**Records from a data source**.
● ● ● ●

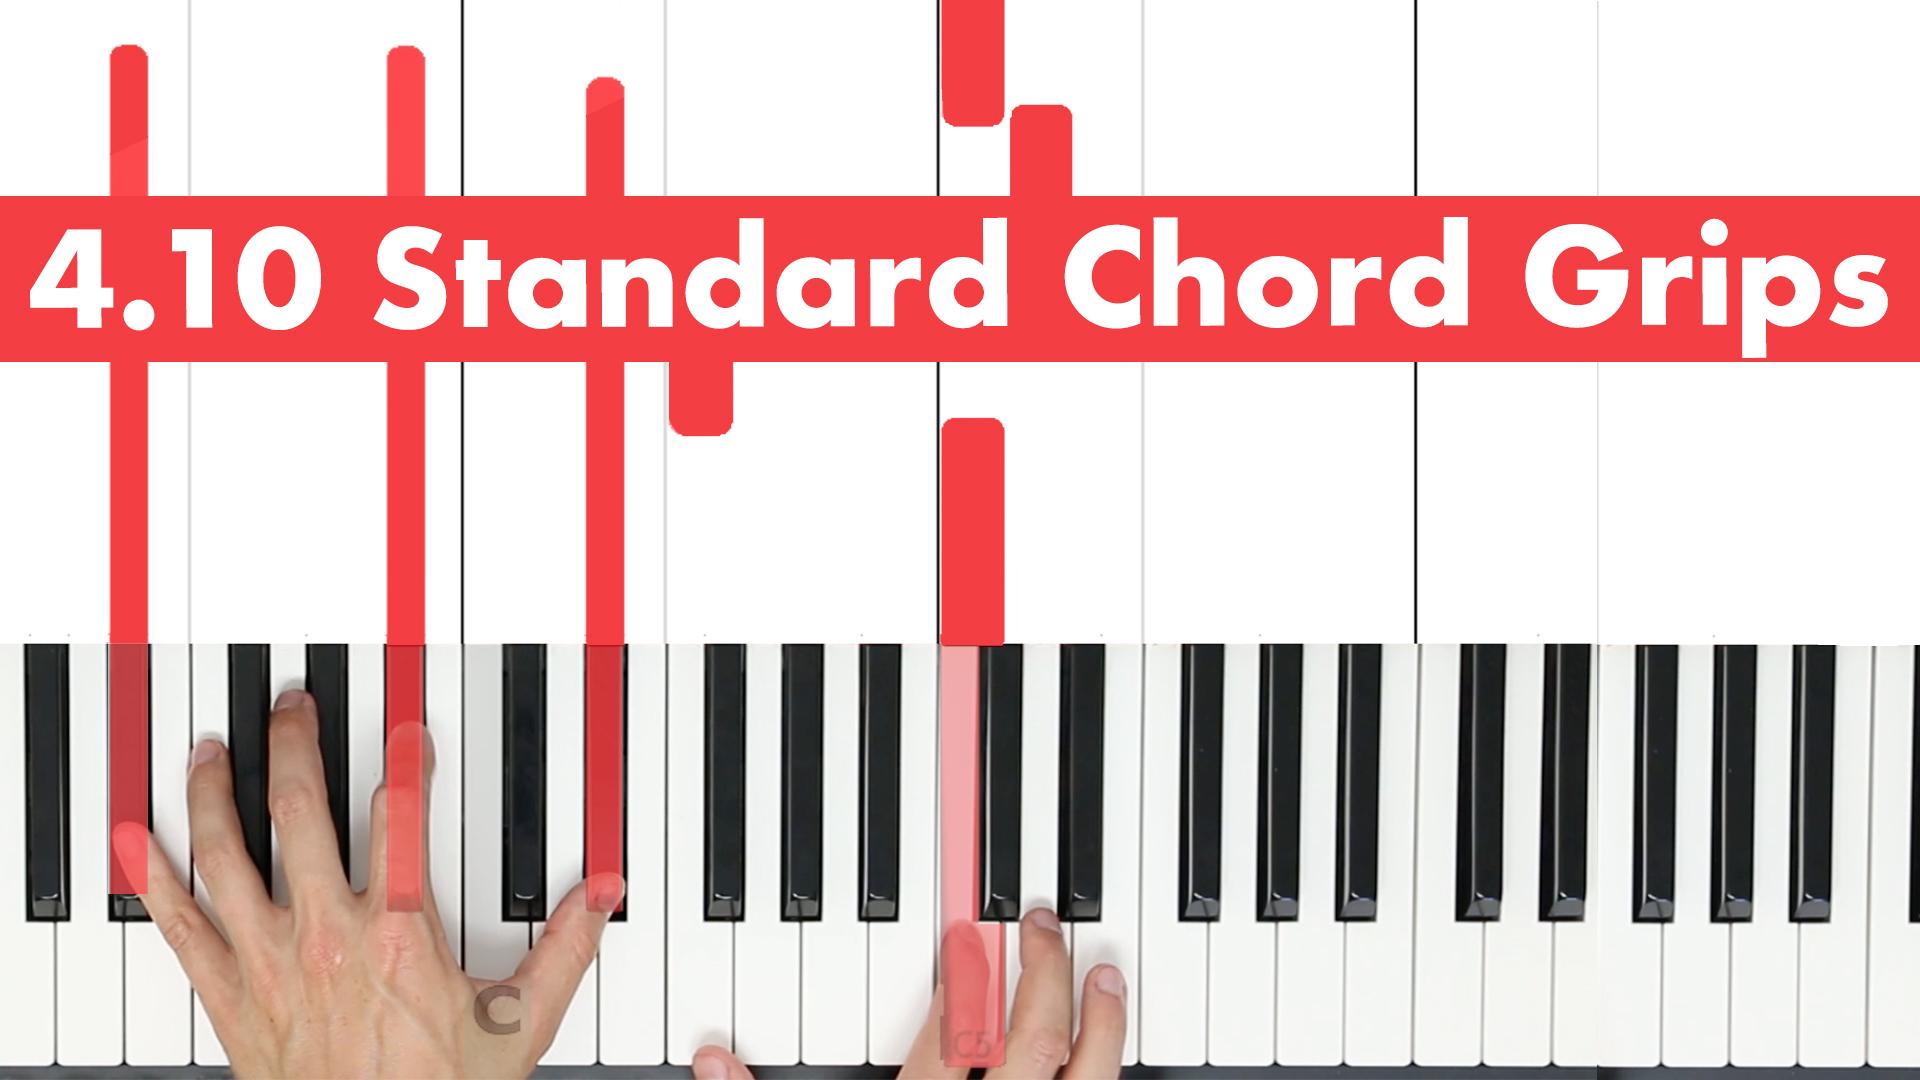 4.10 Standard Chord Grips
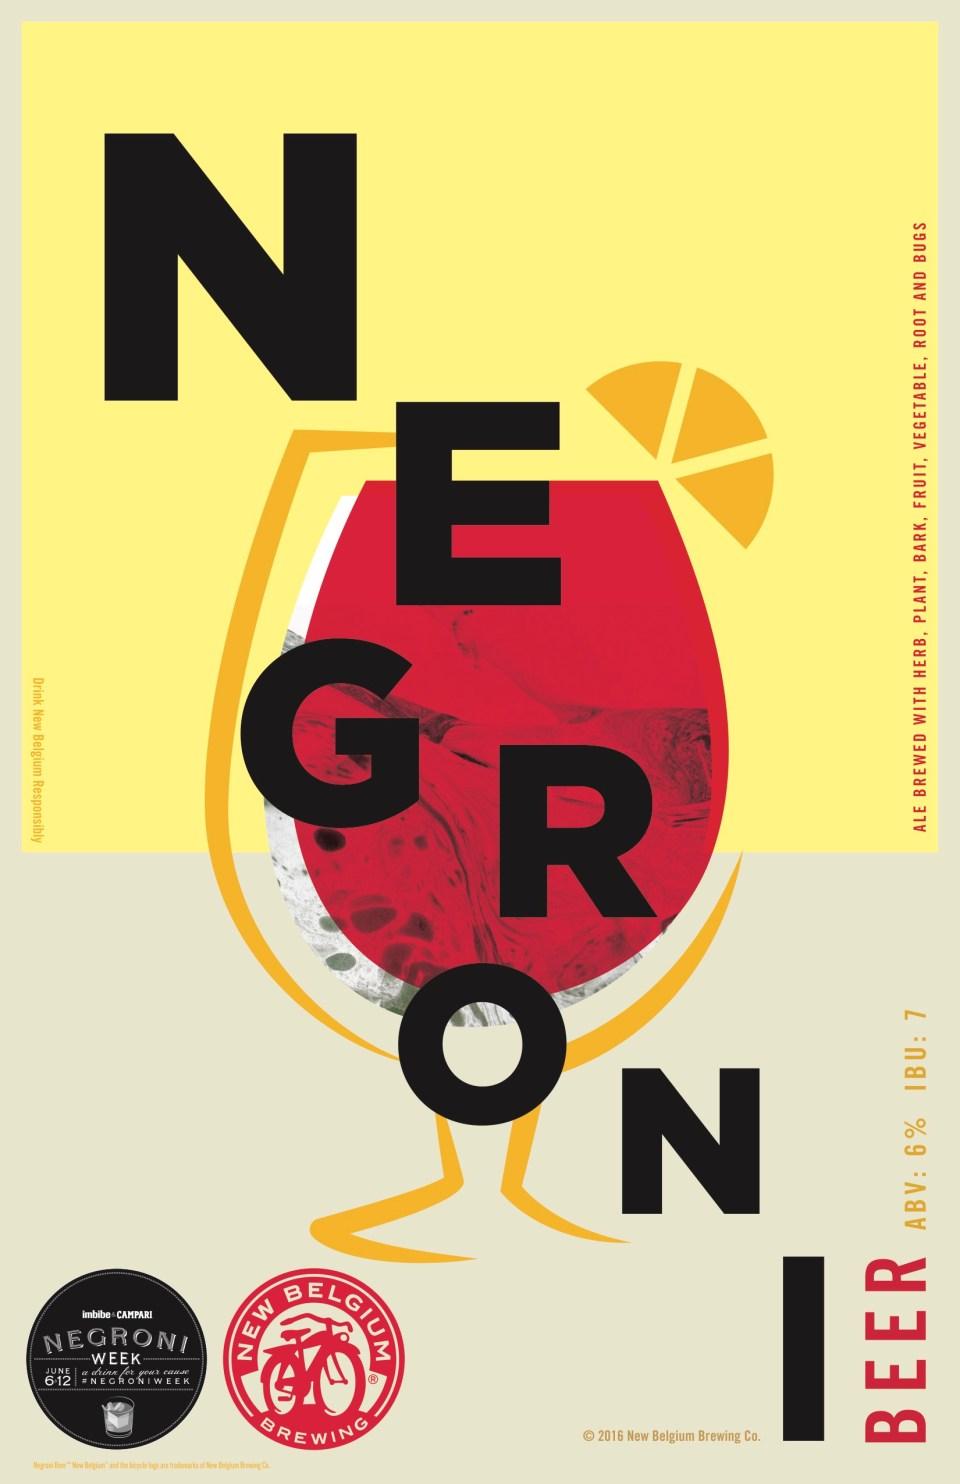 New Belgium Negroni Beer
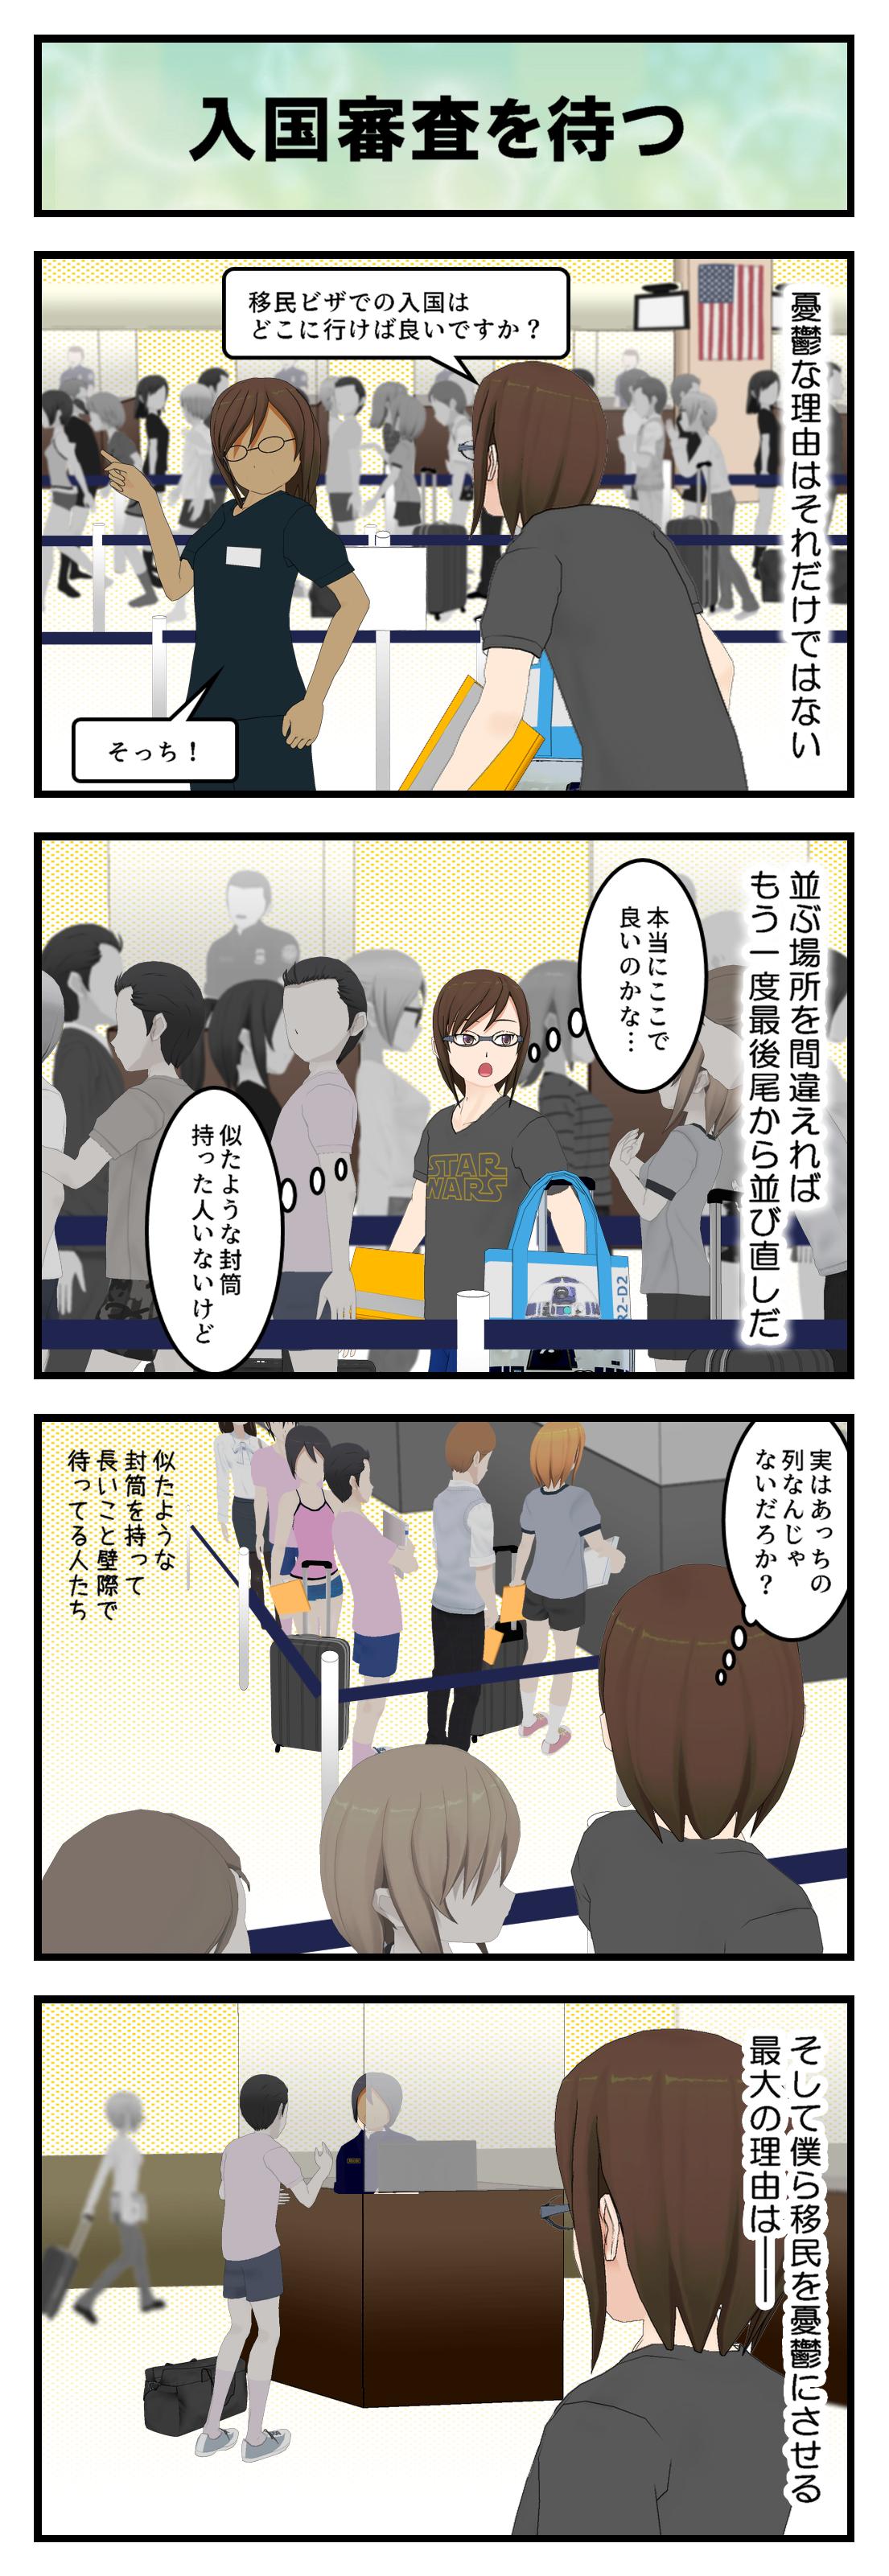 R002_入国審査を待つ_001
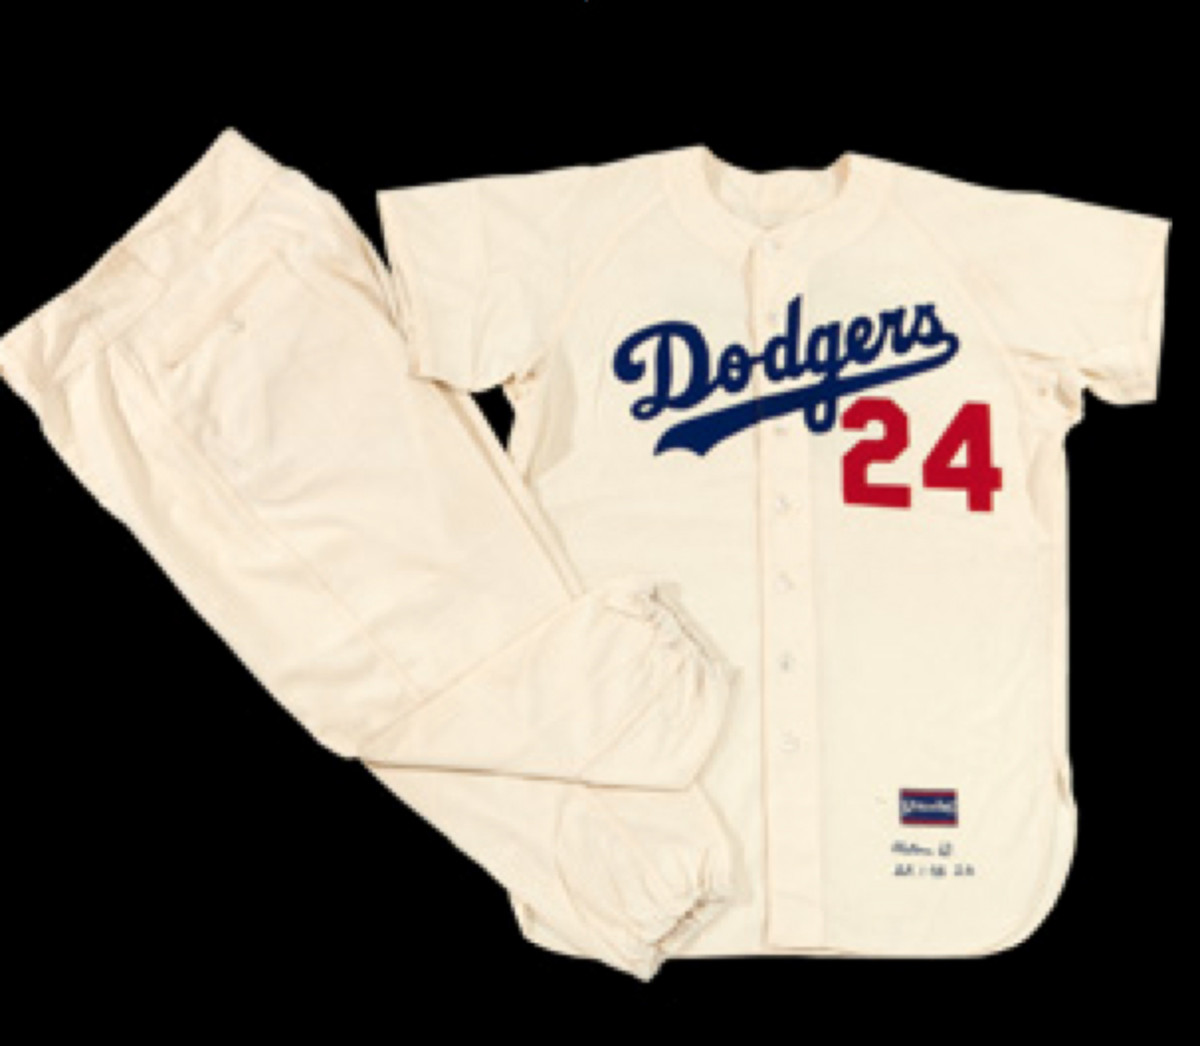 Alston 63 jersey
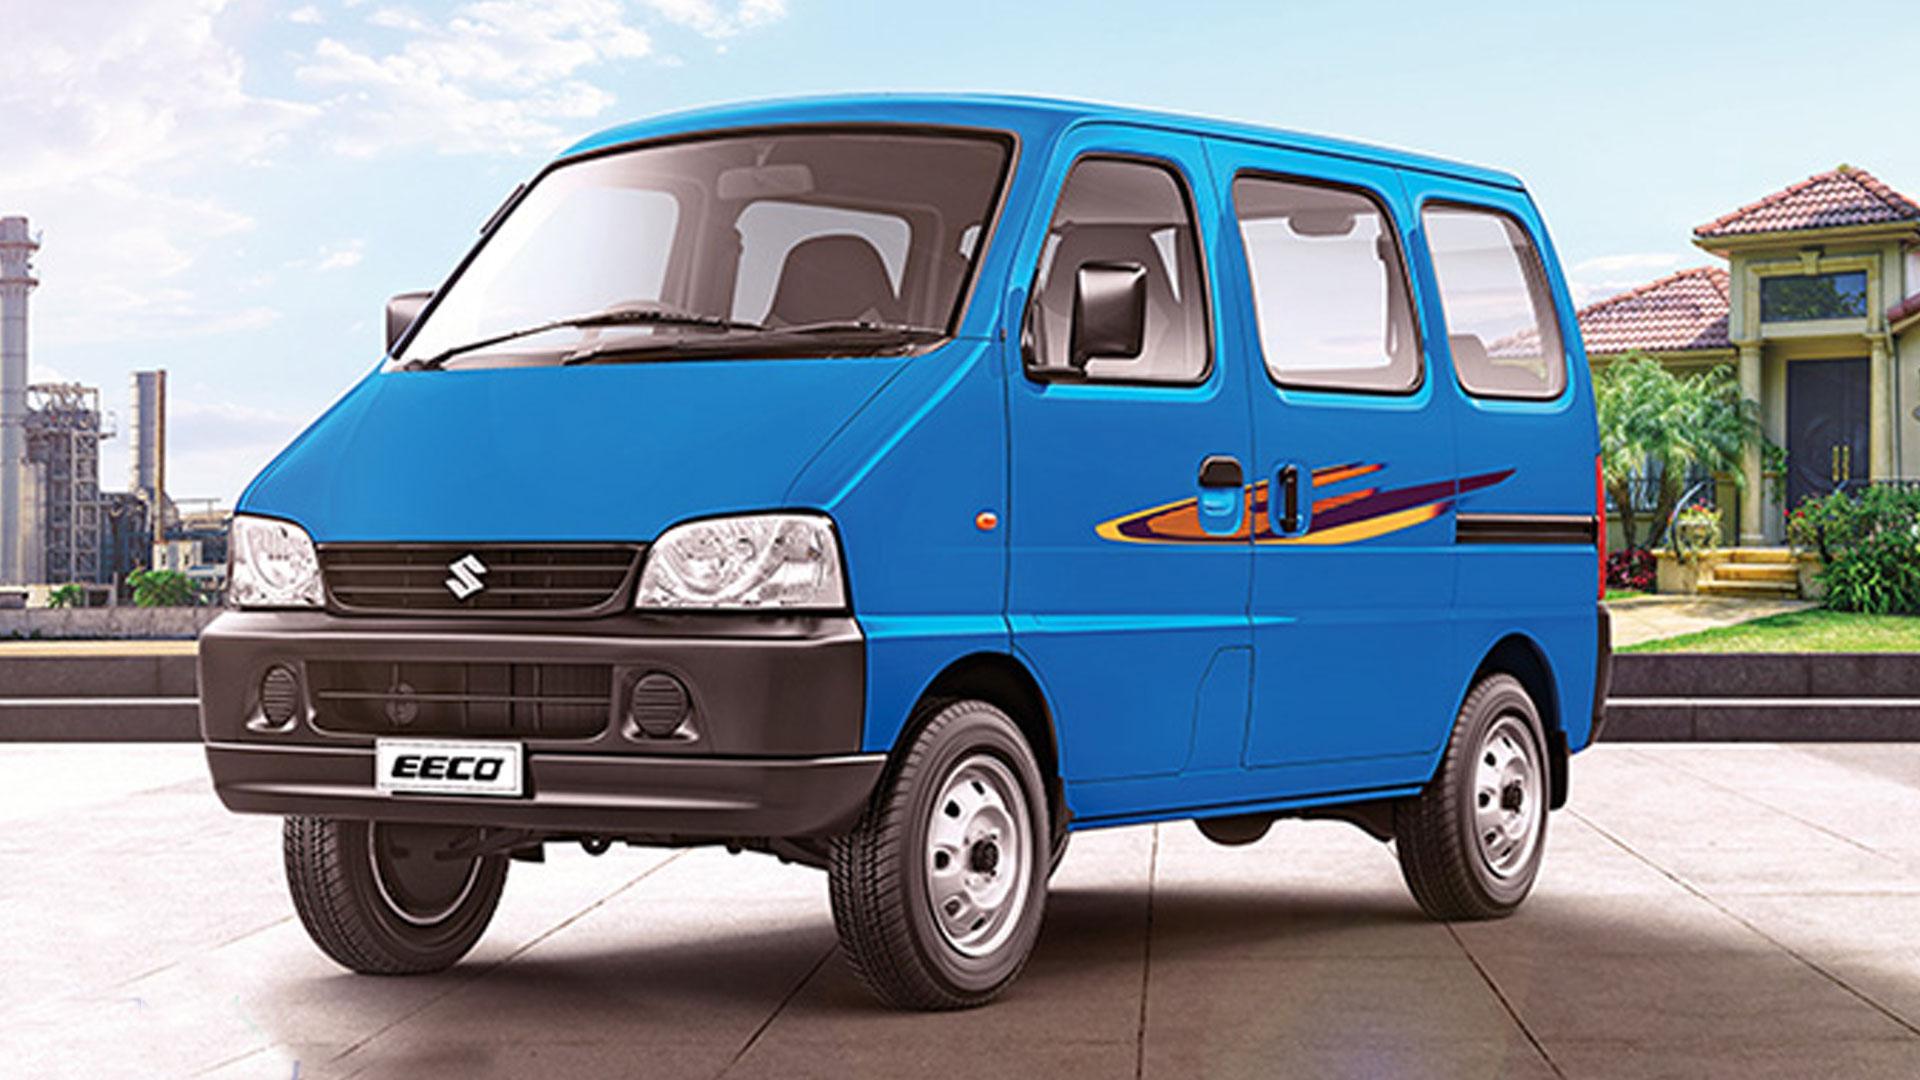 Maruti Suzuki Eeco 2019 5 Seater

● ● ● ●

**About this exercise**. The expected output is every entry above, retyped exactly, with the pictures removed.

**Exercise output**.
 4.10 Standard Chord Grips
 New Belgium Negroni Beer
 R002_入国審査を待つ_001
 Alston 63 jersey
 Maruti Suzuki Eeco 2019 5 Seater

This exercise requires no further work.